B.C. hiking minimum wage

Wage will rise by $2.25 over the next year, province scraps training wage
|hrreporter.com|Last Updated: 03/17/2011

British Columbia will see its minimum wage rise to $10.25 by May 1, 2012.

Premier Christy Clark said the first hike in the wage takes affect on May 1, 2011, when it will rise from $8 to $8.75 an hour. It will go up again on Nov. 1, 2011, and May 1, 2012. (See chart below.)

She also said the province is scrapping the training wage on May 1, 2011, meaning all hourly paid employees will be entitled to the general minimum wage regardless of how long they have been in the paid labour force.

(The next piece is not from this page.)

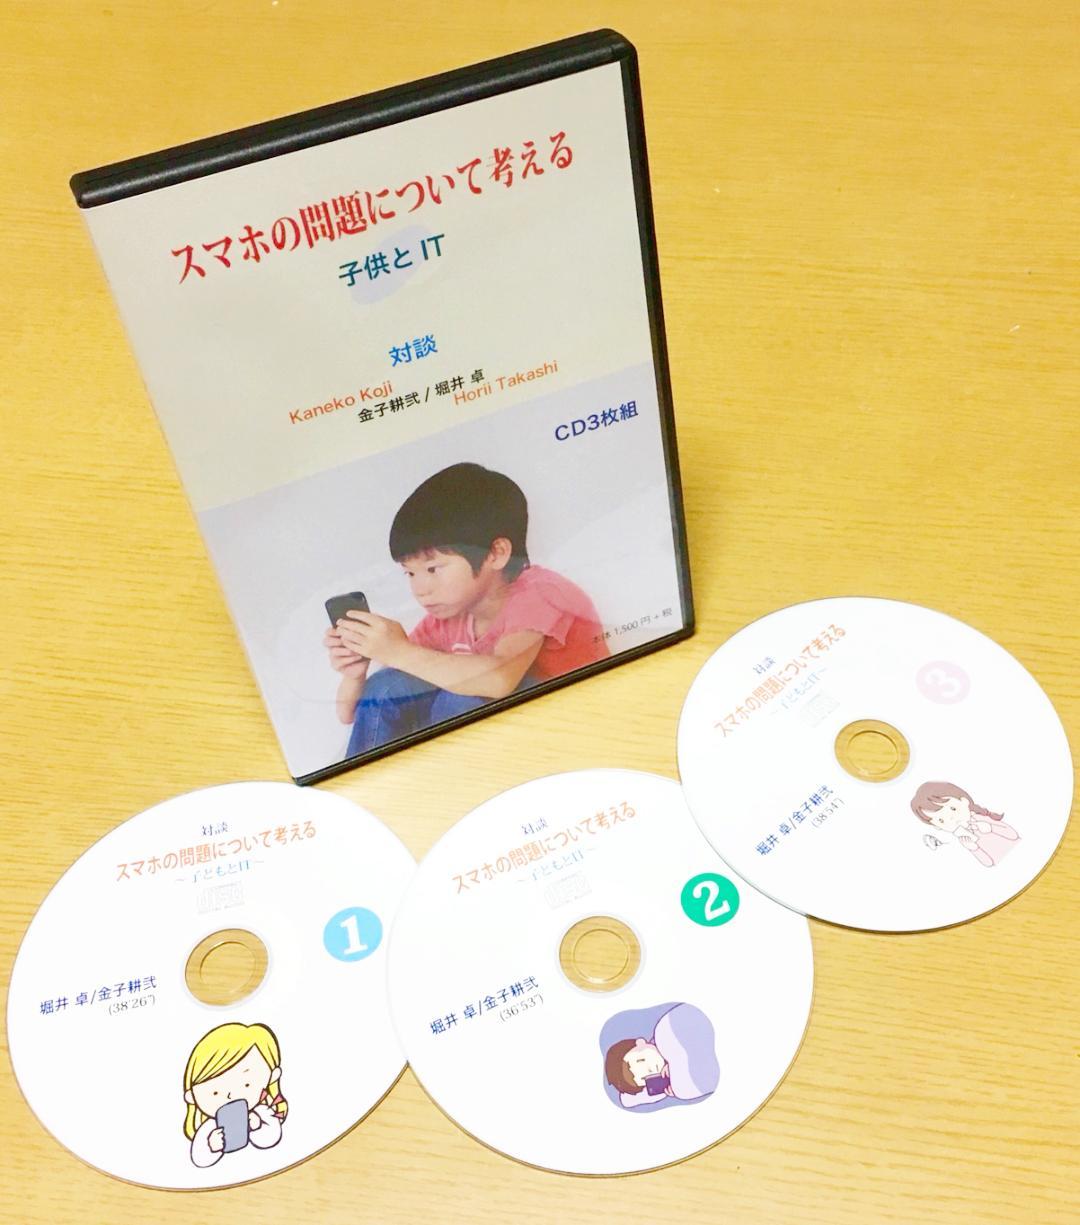 ITの専門家と金子耕弐の対談CD3枚画像

About 41,2000 workers in B.C. — or 2.3 per cent of the workforce — earn minimum wage, according to Statistics Canada figures supplied by the province.

“Raising the minimum wage and eliminating the training wage is a fair and reasonable step forward in putting families first and building our economy. This increase could mean more than $4,000 additional dollars annually for a full-time employee, providing more support to B.C. workers and the families who depend on them,” said Clark. “Businesses told us they needed time to adjust to increases in the minimum wage and we’re pleased we’ve been able to provide that certainty to them through three predictable stages.”

A special minimum wage for liquor servers will also be phased in, beginning May 1, 2011. It will be modelled on what now exists in Ontario for employees who serve liquor directly to customers or guests in licensed premises as a regular part of their work.

“We consulted with stakeholders and economic experts on their views about increasing the minimum wage. As a result of those discussions, it was determined that job impacts are minimized when minimum wage increases are done incrementally over time,” said Stephanie Cadieux, Minister of Labour, Citizens’ Services and Open Government. “Our approach to liquor servers will be in line with what already exists in Ontario. In that province, the alcohol server rate has allowed the general minimum wage to increase while maintaining and supporting jobs in the food and beverage service sector.”

Minimum wage increase schedule

Date

Rate per hour

Current

$8

May 1, 2011

$8.75

Nov. 1, 2011

$9.50

May 1, 2012

$10.25

Other notes about the minimum wage increase

Workers who are subject to alternate minimum pay provisions will receive corresponding increases on a percentage basis.

Piece rates for hand harvesting certain crops will be adjusted as a percentage of the first phase of the general minimum wage and will be further reviewed by government.

Alcohol server wage for liquor servers

Date

Rate per hour

Today

$8

May 1, 2011

$8.50

Nov. 1, 2011

$8.75

May 1, 2012

$9

Note: The alcohol server wage will apply to employees who serve liquor directly to customers or guests in licensed premises as a regular part of their work.

Quick facts on B.C.’s minimum wage

There were approximately 1.8 million paid employees in B.C. in 2009.

According to Statistics Canada, 2.3 per cent of B.C. paid employees earned $8/hr or less (about 41,200 workers) in 2009.

The average hourly wage in B.C. in February 2011 was $23.16 — the third-highest hourly wage in the country, behind only Alberta ($25.65) and Ontario ($23.74). (February 2011 figures)

B.C.’s average hourly youth wage is $13.86 per hour — the third-highest in Canada, behind only Alberta ($15.69) and Saskatchewan ($14.79).

According to the 2009 B.C. Wage and Salary Survey conducted by B.C. Stats and Statistics Canada:

The most frequent wage for farm workers was $12.93 and the average starting wage for farm workers was $11.28.

The most frequent wage for food and beverage servers working full time was $10.15 (not including tips).

For retail salespersons and clerks, the most frequently paid wage was $14.61 and the average starting wage was $12.16.